Cabrini-Green, public housing development in Chicago, Illinois. Cabrini-Green was once a model of successful public housing, but poor planning, physical deterioration, and managerial neglect, coupled with gang violence, drugs, and chronic unemployment, turned it into a national symbol of urban blight and failed housing policy. In 2000 the Chicago Housing Authority (CHA) began demolishing Cabrini-Green buildings as part of an ambitious and controversial plan to transform all of the city’s public housing projects; the last of the buildings was torn down in 2011.

The first part of what would become the vast Cabrini-Green complex was the Frances Cabrini Homes, completed by the CHA in 1942 to house an influx of war-industry workers as well as veterans returning to Chicago during World War II. The Frances Cabrini Homes consisted of 55 two- and three-story buildings in the Near North Side area of Chicago. Those apartment houses were, like the city’s other public housing during that era, considered well-built, attractive alternatives to the slums that traditionally housed low-income families.

A turning point for Chicago’s public housing occurred in 1950. By that time, those most in need of affordable housing in Chicago were African Americans, whose numbers were rapidly expanding, primarily because of the northward migration of Southern blacks. The CHA and Chicago’s city council needed to decide where to build new public housing. The CHA proposed a variety of sites, including many vacant areas bordering white neighbourhoods. The city council insisted primarily on clearing already existing slums in African American neighbourhoods to provide space for new higher-capacity buildings. After a lengthy, racially charged public debate, the city council’s vision won out, an outcome that would have a dramatic impact on public housing in Chicago for the rest of the 20th century.

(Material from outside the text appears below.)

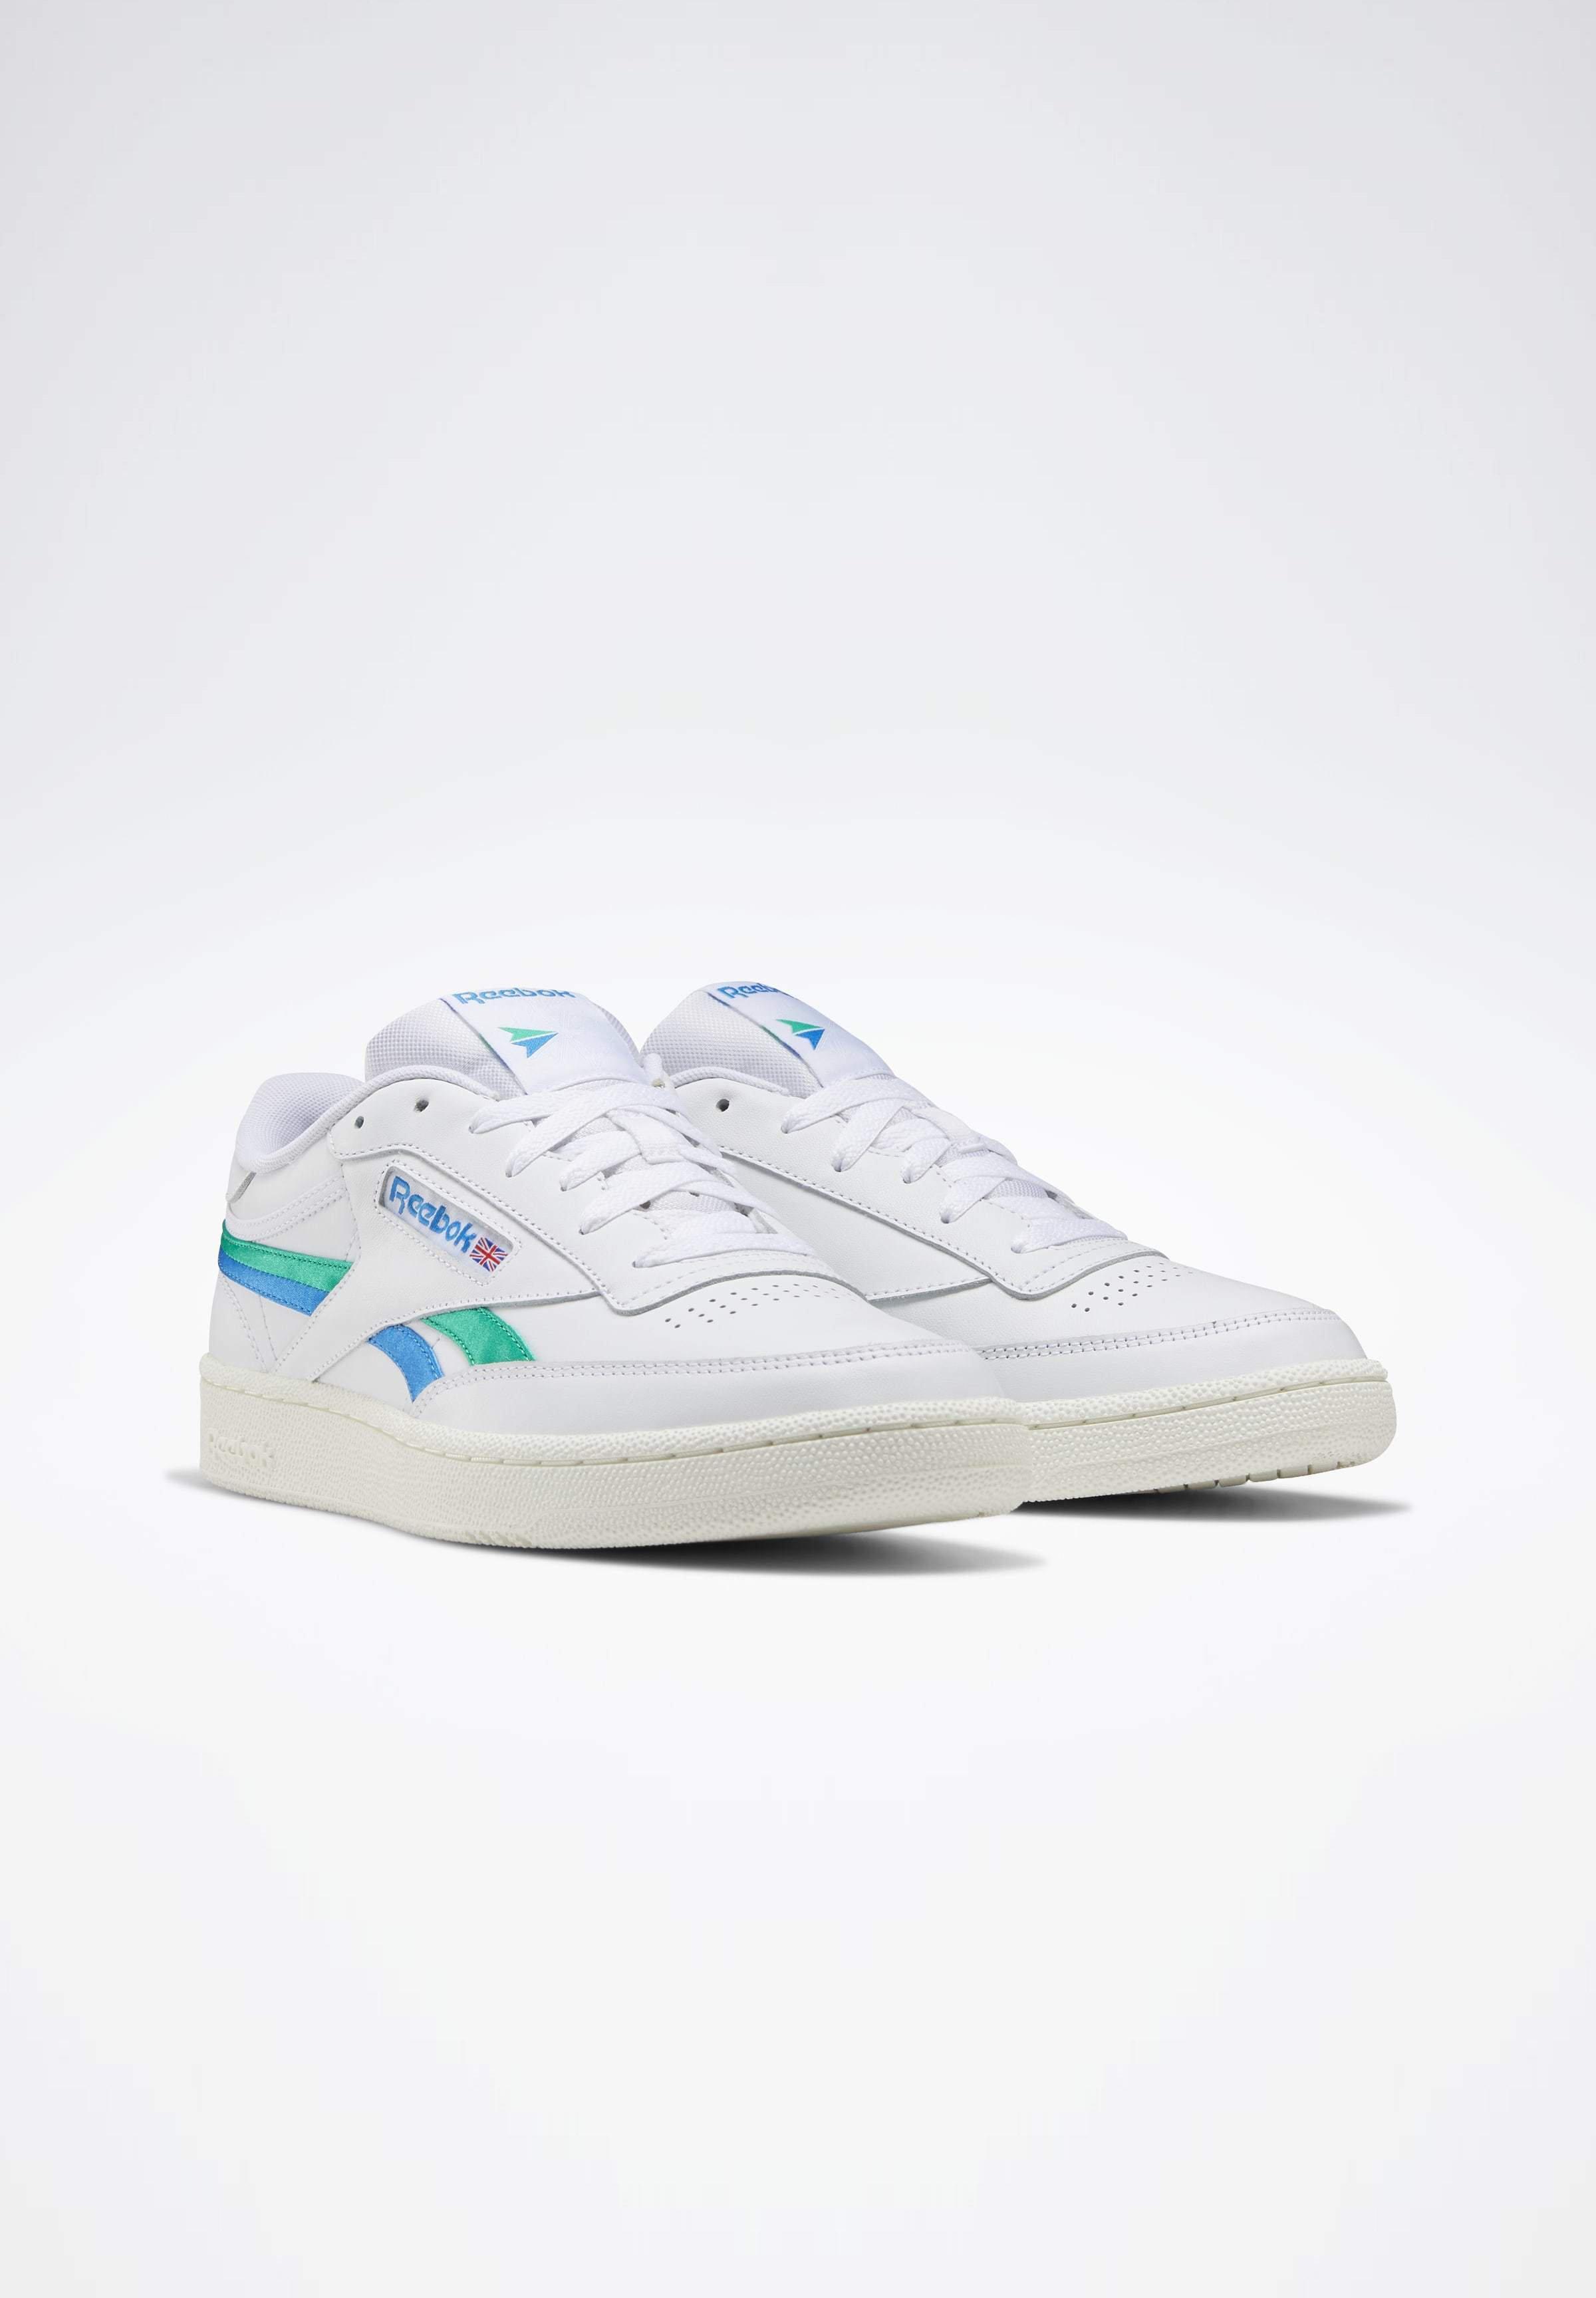 Reebok Classic Club C Revenge Shoes - Sneakers Laag White Goedkope Schoenen

Most of the new public housing that followed, built in the 1950s and ’60s under Mayor Richard J. Daley, came in the form of massive superblocks of high-rise apartments. In 1958, next to the Frances Cabrini Homes, construction was completed on the Cabrini Extension—known as the “Reds,” partly because of the buildings’ red brick exteriors. The Reds consisted of 15 buildings of 7, 10, or 19 stories. In 1962 the William Green Homes—called the “Whites”—were completed. Located north and west of the Cabrini Extension, they consisted of eight white concrete buildings 15 or 16 stories tall.

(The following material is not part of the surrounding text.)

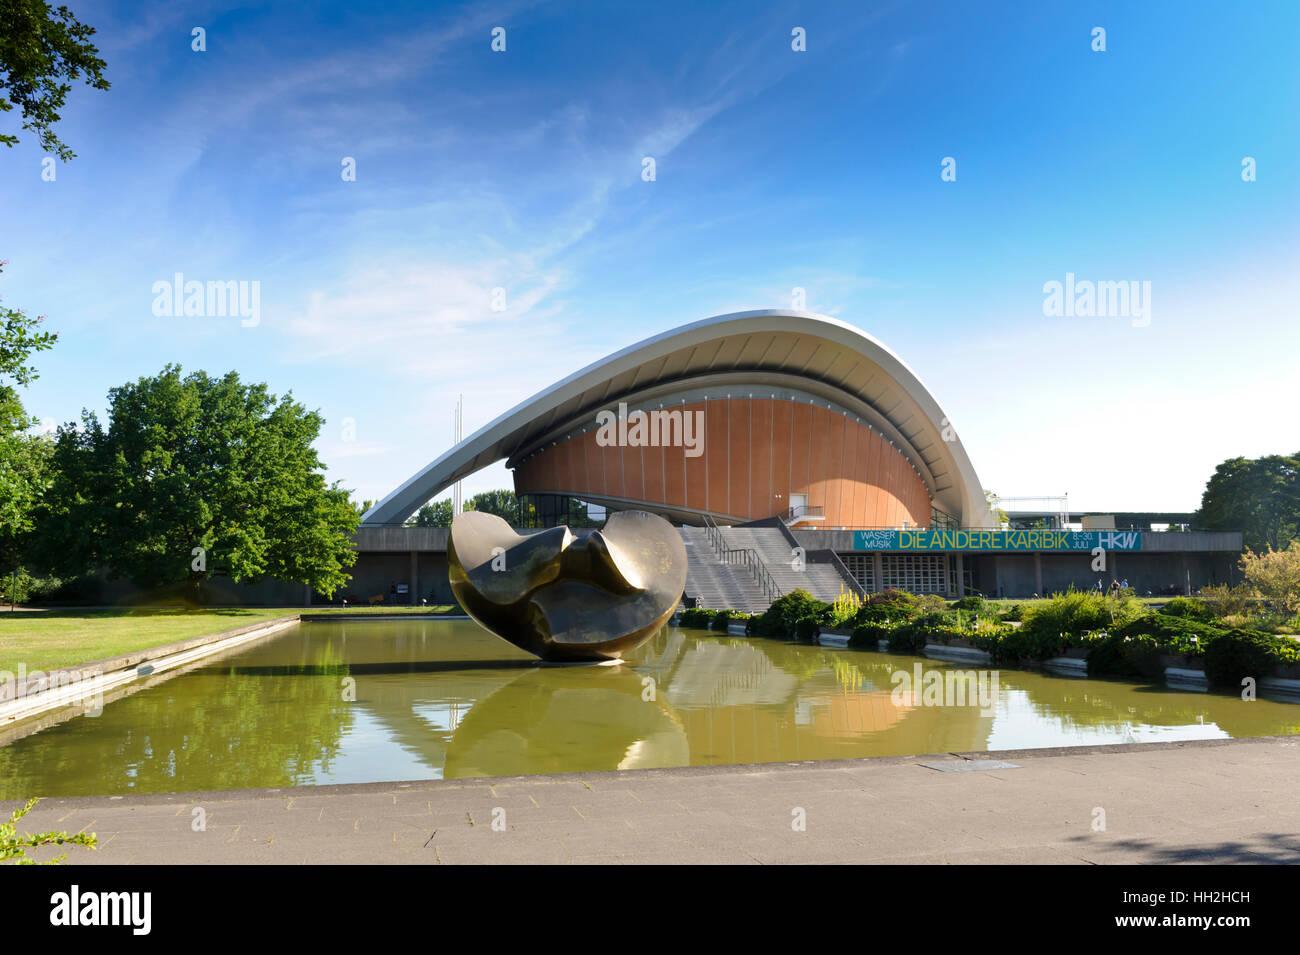 Haus der Kulturen der Welt, House of World Cultures, Berlin, Germany. - Stock Image

The superblocks left many areas of Chicago with row after row of monolithic concrete towers—artificially constructed communities cut off from the neighbourhoods around them, forming dense geographic concentrations of poverty. The results would generally prove disastrous. The buildings themselves were often poorly built and difficult to maintain. The massive size of the apartment complexes and the large number of residents made a sense of social order and community much harder to sustain.

Cabrini-Green—as the entire housing project came to be known—became a national symbol of the deteriorating state of public housing in Chicago when, in 1970, two police officers were killed by a sniper in one of the buildings. In the decades that followed, despite a variety of efforts to increase security, Cabrini-Green became notorious for gangs, drugs, and sensational crimes. Chicago Mayor Jane Byrne moved into Cabrini-Green for a few weeks in 1981 to show her determination to reduce crime, but it had little effect other than to draw further attention to the problem.

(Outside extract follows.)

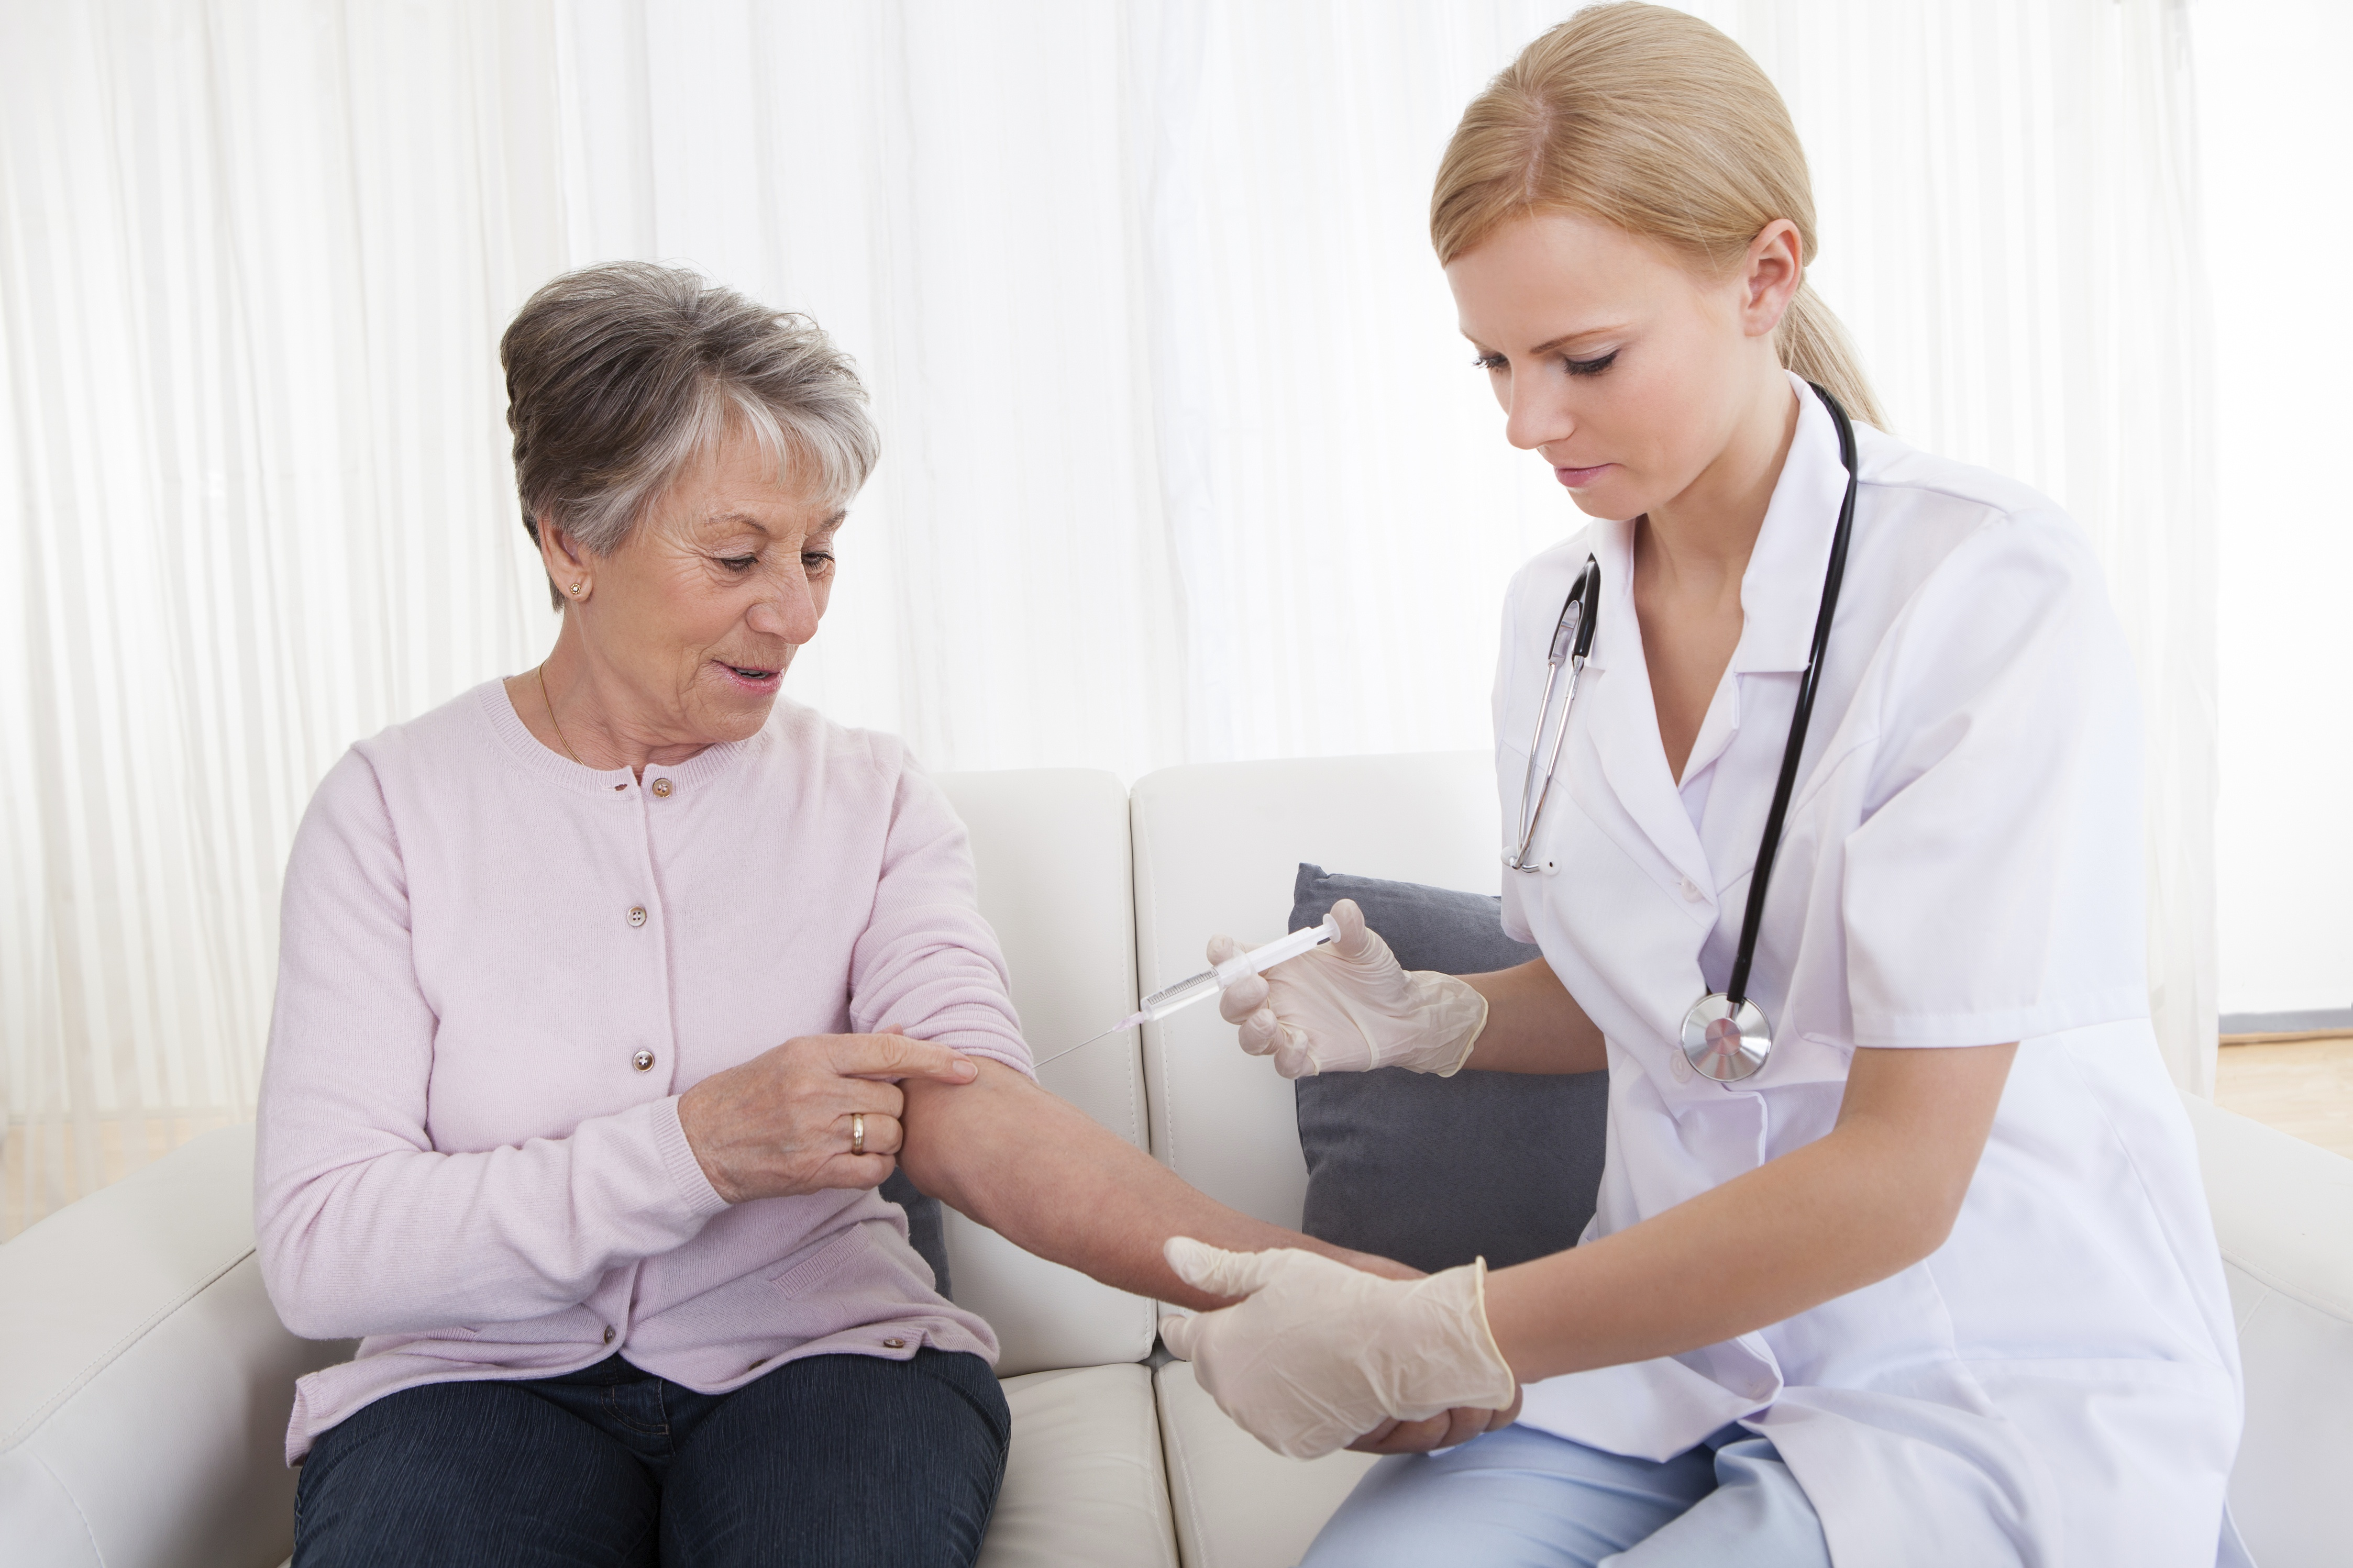 nurse-patient-vaccine.jpg

In 1995, after years of controversy and in light of financial and management scandals, the U.S. Department of Housing and Urban Development took over the CHA. Mayor Richard M. Daley regained control of the CHA in 1999, and the agency announced what it called its “Plan for Transformation” for the city’s public housing, which entailed the destruction of all of the CHA’s high-rise buildings—including those in the Cabrini-Green complex—and their replacement with mixed-income developments. Demolition of buildings in Cabrini-Green began in 2000. The last residents of the development departed at the end of 2010, and the final demolitions took place soon afterward.